*Your goal*. Search the data for the string "Brillant", and report each line where it is found.

*Recorded data*.
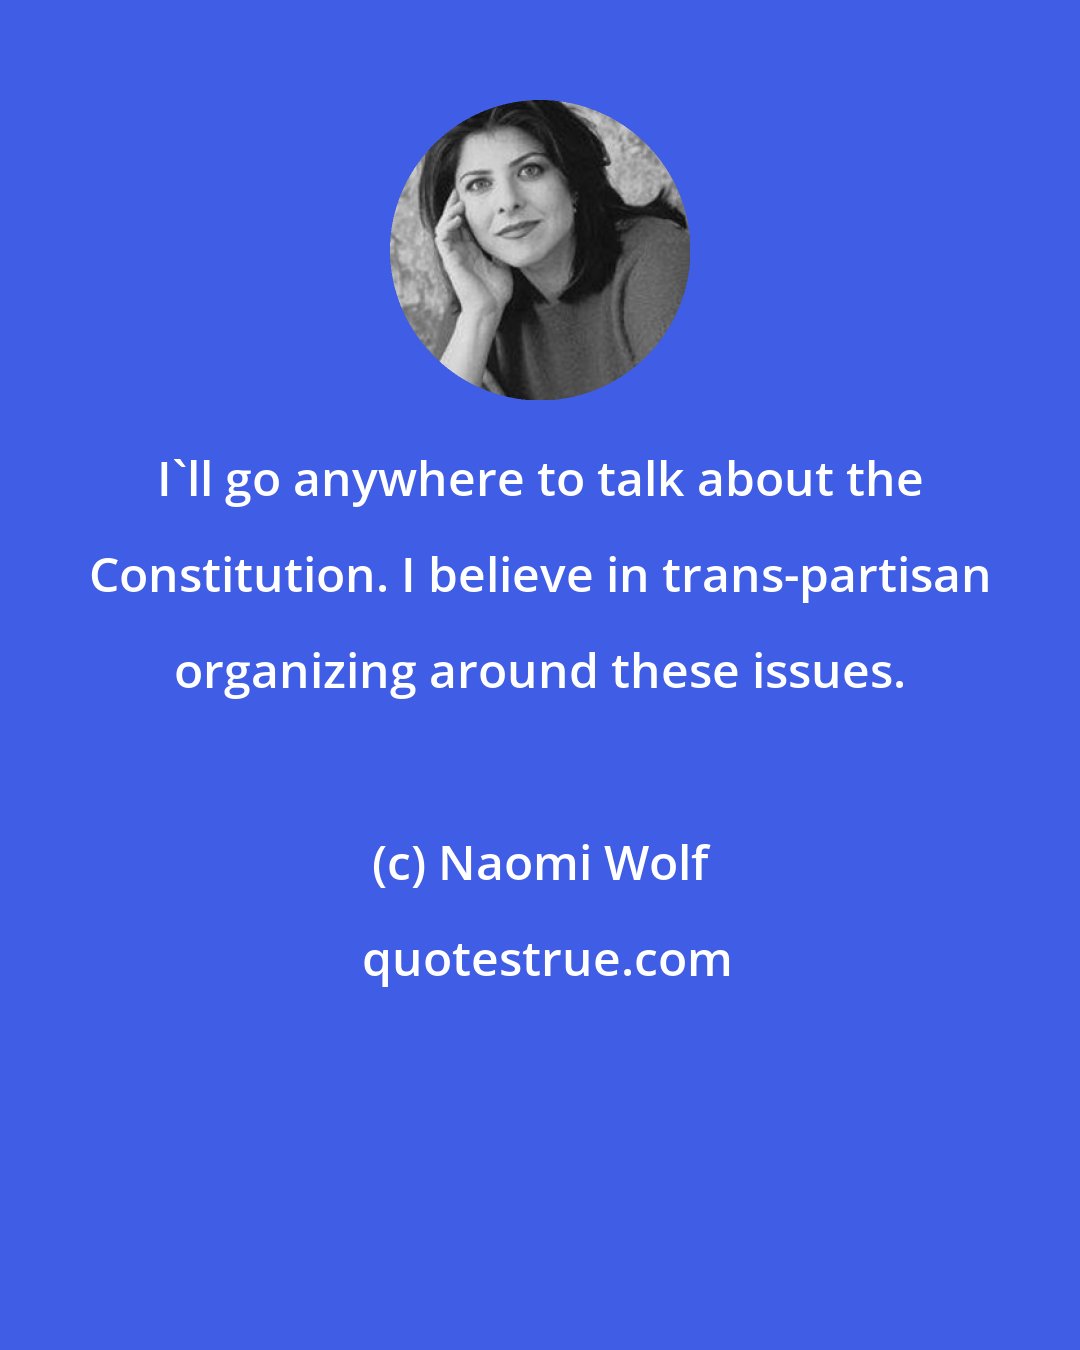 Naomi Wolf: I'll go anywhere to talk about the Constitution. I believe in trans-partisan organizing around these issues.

...

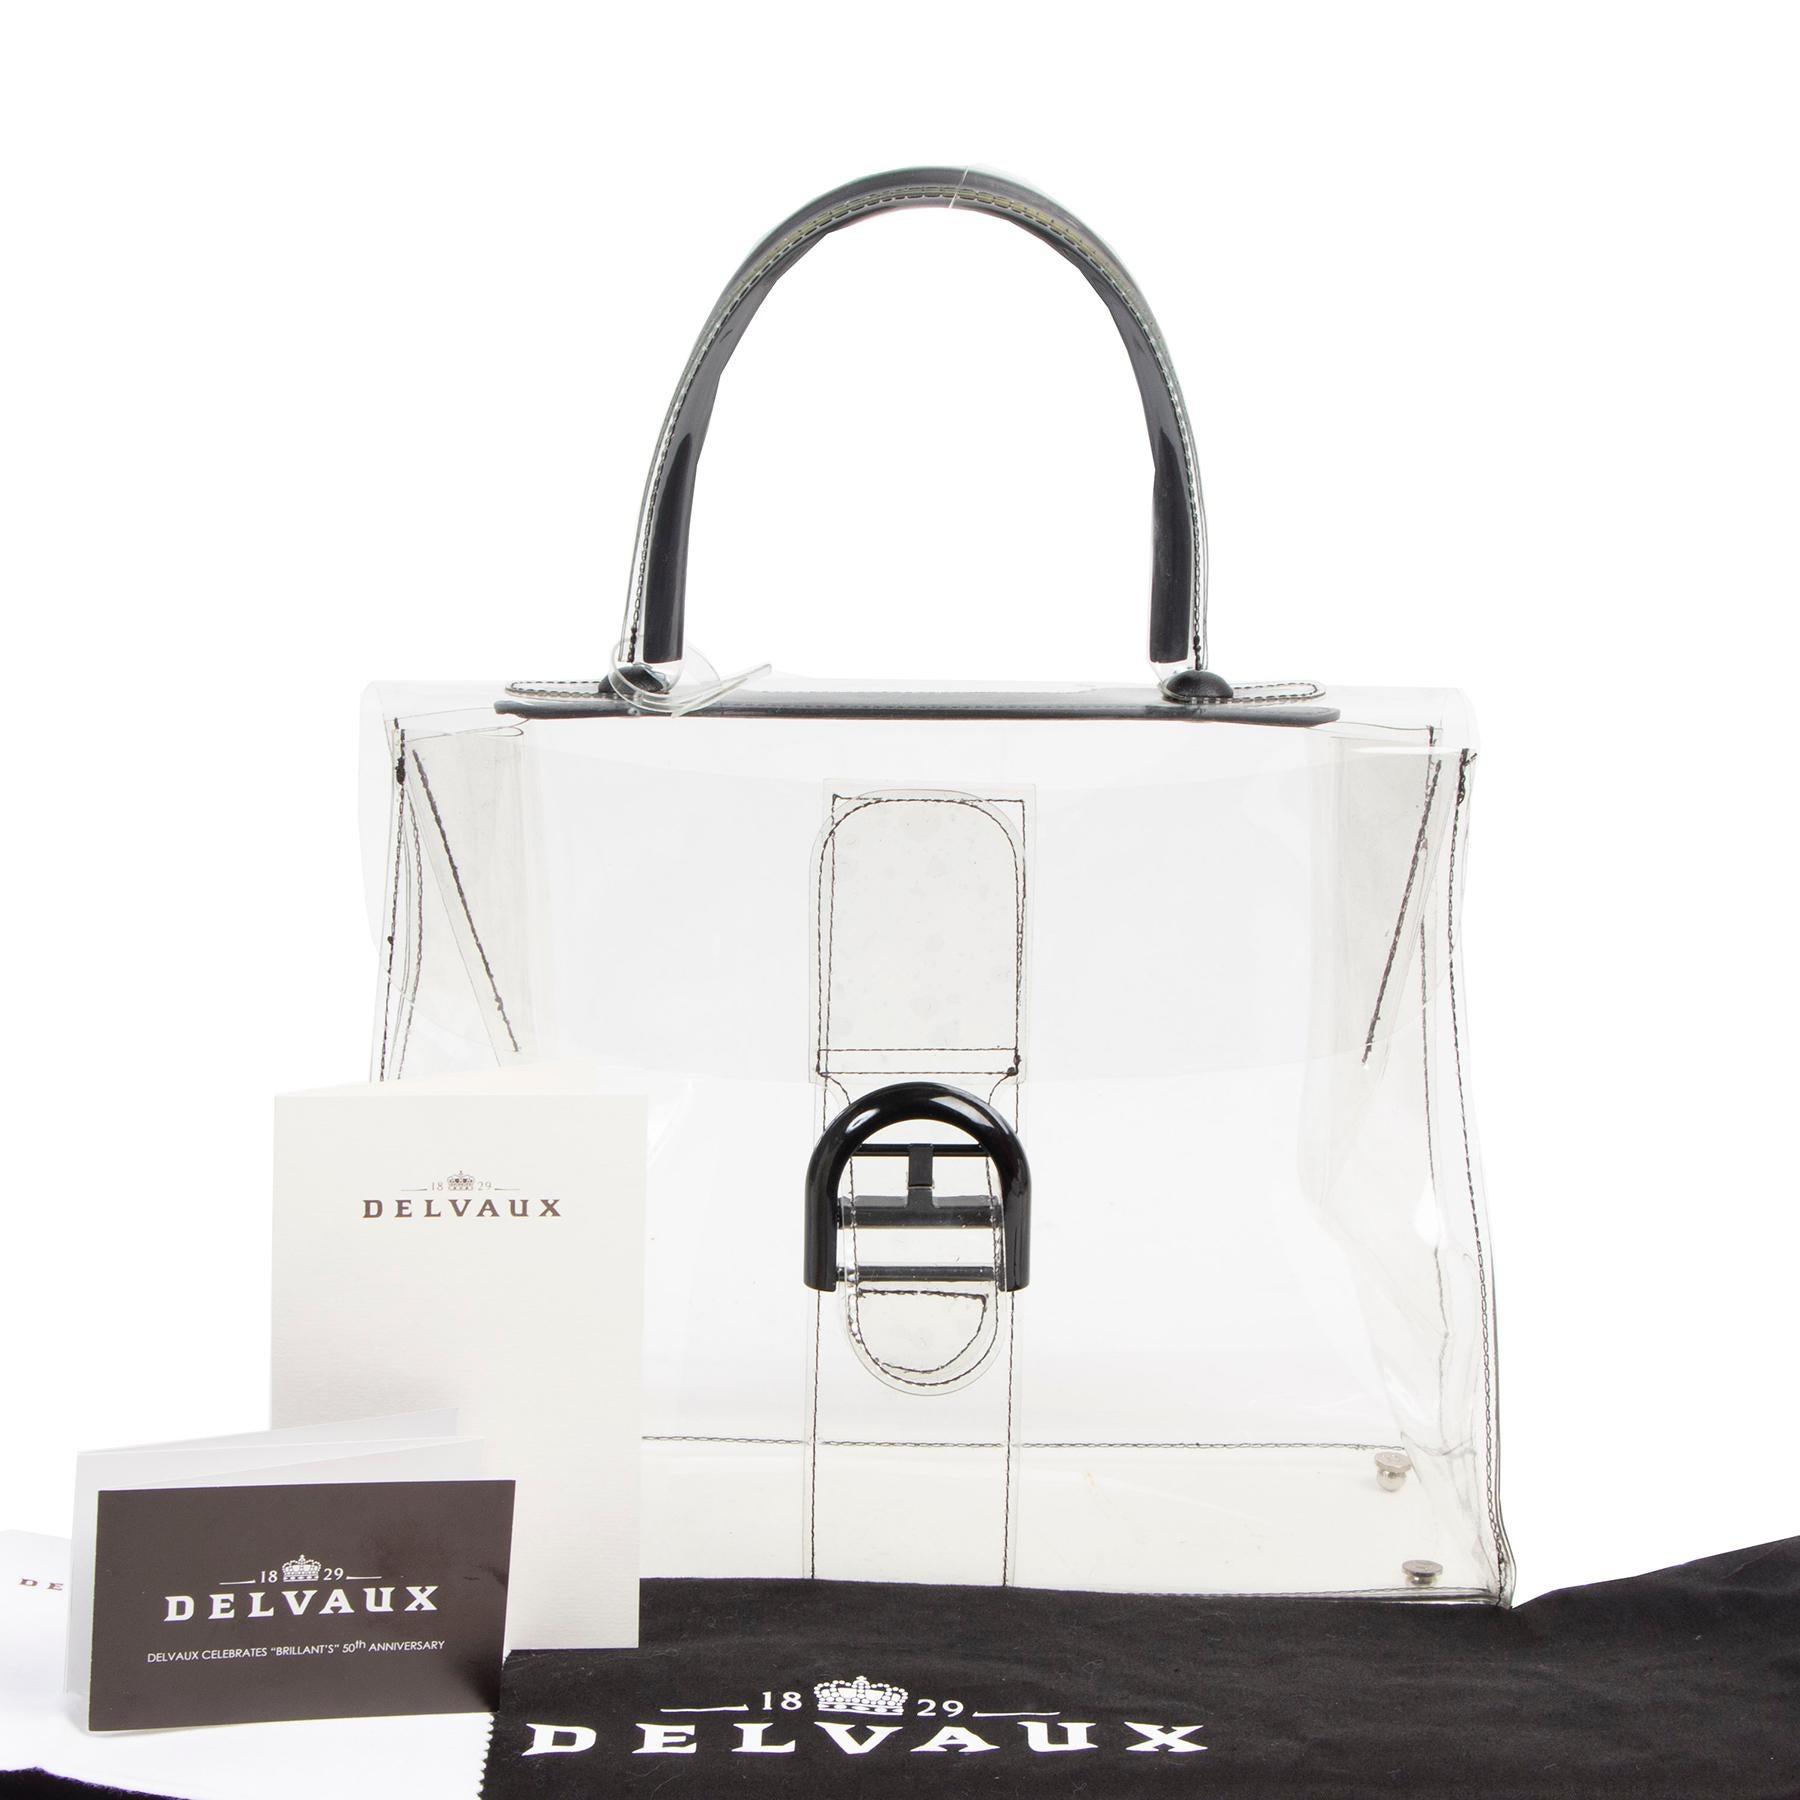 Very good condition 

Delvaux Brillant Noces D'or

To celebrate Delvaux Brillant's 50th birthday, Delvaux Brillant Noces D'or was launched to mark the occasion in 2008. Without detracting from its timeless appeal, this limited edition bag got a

*Written answer*.
Delvaux Brillant Noces D'or
To celebrate Delvaux Brillant's 50th birthday, Delvaux Brillant Noces D'or was launched to mark the occasion in 2008. Without detracting from its timeless appeal, this limited edition bag got a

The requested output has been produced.